En effet, avec respect pour nos savants confrères, (ce qui veut dire qu’ils sont dans le champ), une maxime latine n’est pas une maxime de droit romain antique, mais simplement une maxime qui est en latin parce que ca fait plus savant. Ni la chute de l’Empire romain d’Occident en 476 après J-C, qui a d’ailleurs fait beaucoup de peine au dernier empereur Romulus Augustule, ni celle de l’Empire romain d’Orient en 1453 n’empêcheront ce blogue de faire avancer le droit romain.
Il est devenu assez fréquent, en matière d’insolvabilité, d’obtenir des ordonnances qui n’ont absolument aucune application et aucun effet actuels. Par contre ces ordonnances pourront avoir un effet dans le futur, mais seulement si certaines circonstances se réalisent. Qui plus est, on voudra lier des personnes qui n’existent pas encore et pourraient même ne jamais exister, comme un éventuel et hypothétique syndic de faillite. Non-existant et non-représenté, ledit syndic ne contestera pas la demande….

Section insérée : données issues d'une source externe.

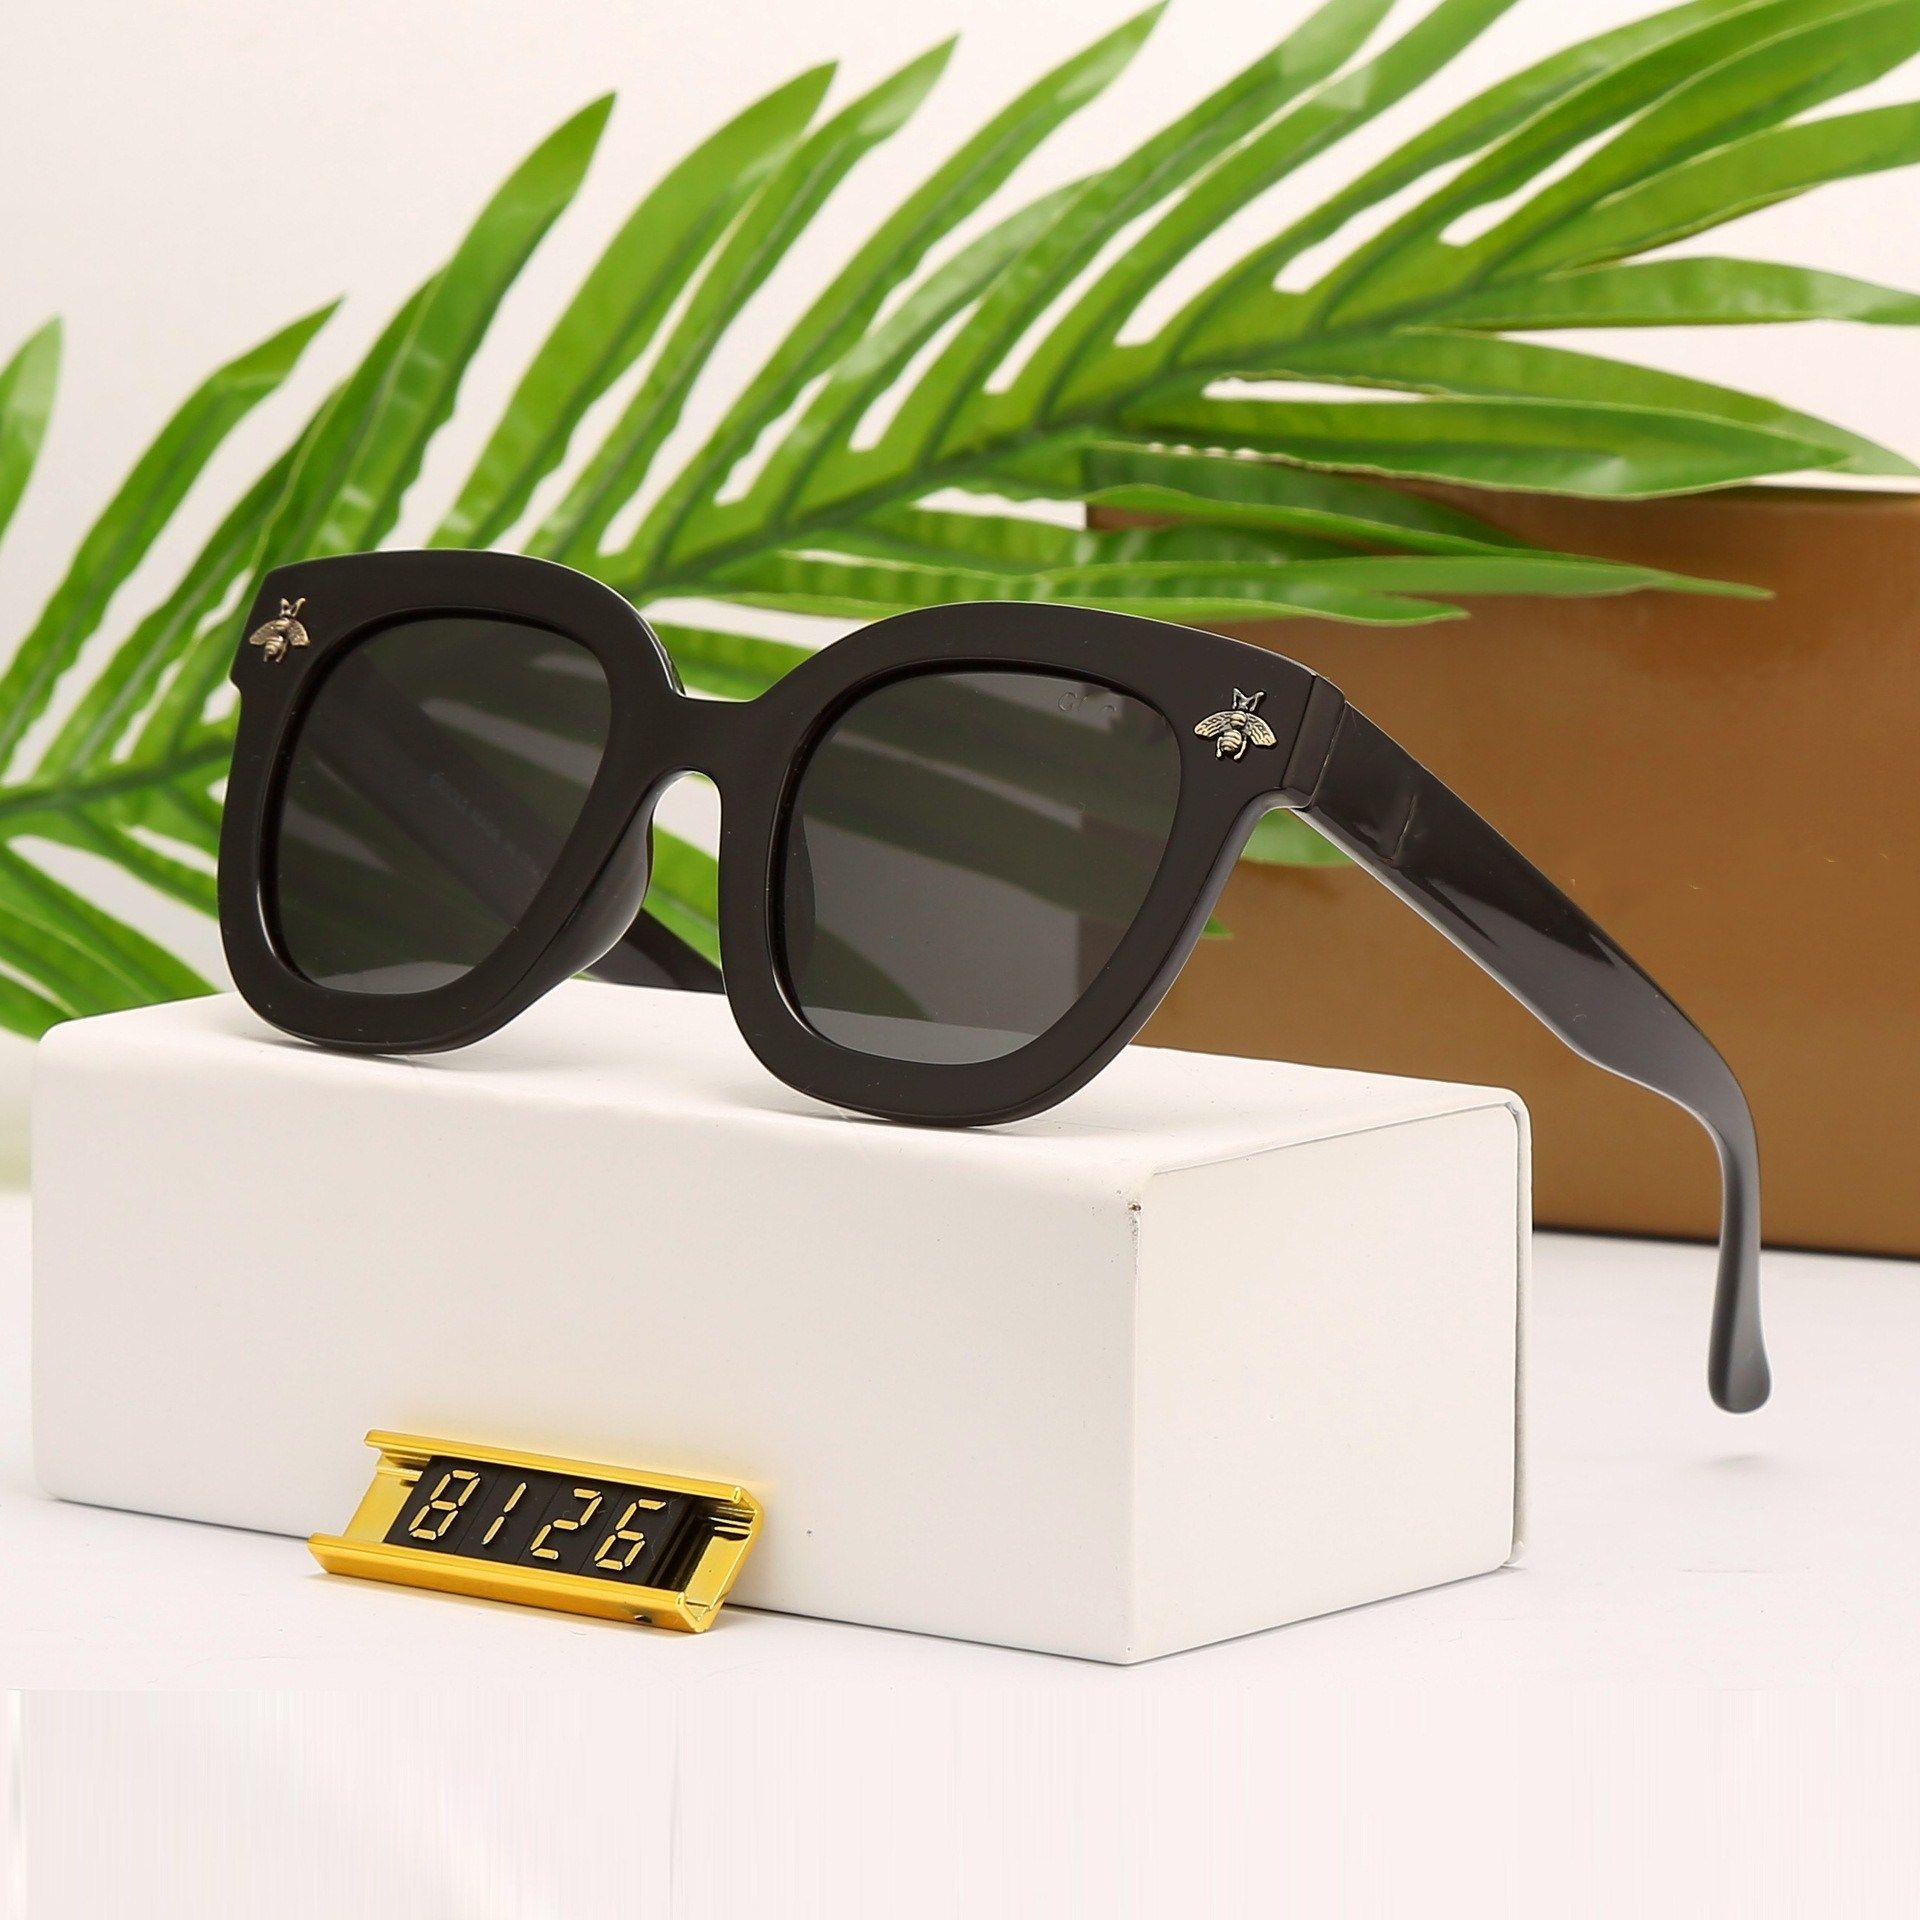 087b8d7163 8125 Luxury Fashion Sunglass Women Brand Deisnger UV Protection Lens ...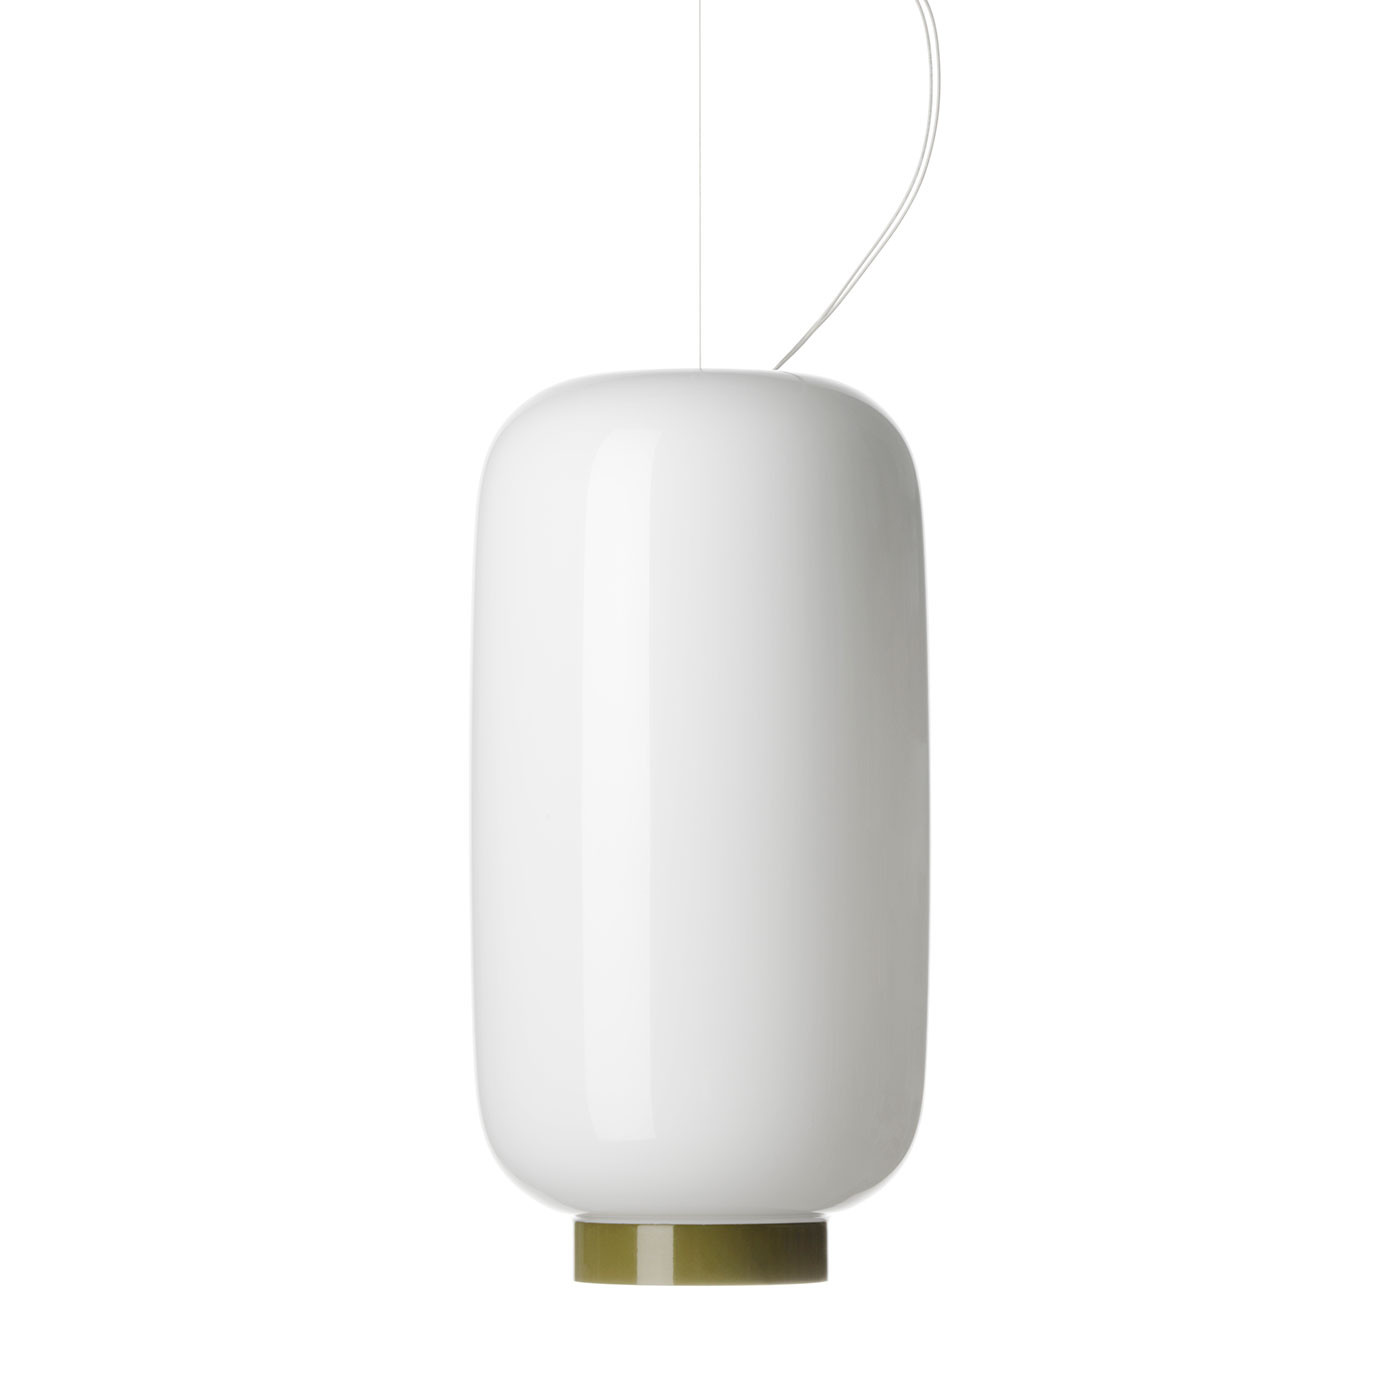 Foscarini Chouchin 2 Reverse LED

L’exemple classique est une ordonnance du tribunal, en matière de séquestre ou de proposition sous la LFI ou d’arrangement sous la LACC. Dans le cadre de l’approbation d’une vente d’actifs et d’une ordonnance purgeant les sûretés qui les grèvent (« vesting order ») ou dans le cadre de l’octroi d’un financement temporaire prioritaire (« DIP » ) ou d’autres charges, il est fréquent de demander au tribunal de décréter que tout syndic de faillite qui serait nommé par la suite sera lié par la transaction approuvée et ne pourra l’attaquer.
C’est le cas notamment des paragraphes 45 et 46 de l’Ordonnance Initiale type suggérée par le Barreau :
« [45] DÉCLARE que nonobstant : i) la présente instance et toute déclaration d’insolvabilité qui y est faite, ii) toute requête en vue d’une ordonnance de séquestre déposée à l’égard de la Requérante conformément à la LFI et toute ordonnance de séquestre y faisant droit ou toute cession de biens visant la Requérante qui est faite ou réputée avoir été faite, et iii) toute loi fédérale ou provinciale, les paiements ou dispositions de biens faits par la Requérante conformément à l’Ordonnance et l’octroi des Charges en vertu de la LACC ne constituent et ne constitueront pas des règlements, des préférences frauduleuses, des transferts frauduleux ou d’autres transactions contestables ou révisables ou des actes donnant lieu à un recours pour abus en vertu d’une loi applicable.
[46] DÉCLARE que les Charges en vertu de la LACC sont valides et exécutoires à l’encontre de tous les Biens de la Requérante et de toutes les Personnes, y compris tout syndic de faillite, séquestre, séquestre-gérant ou séquestre intérimaire de la Requérante et ce, à toute fin. »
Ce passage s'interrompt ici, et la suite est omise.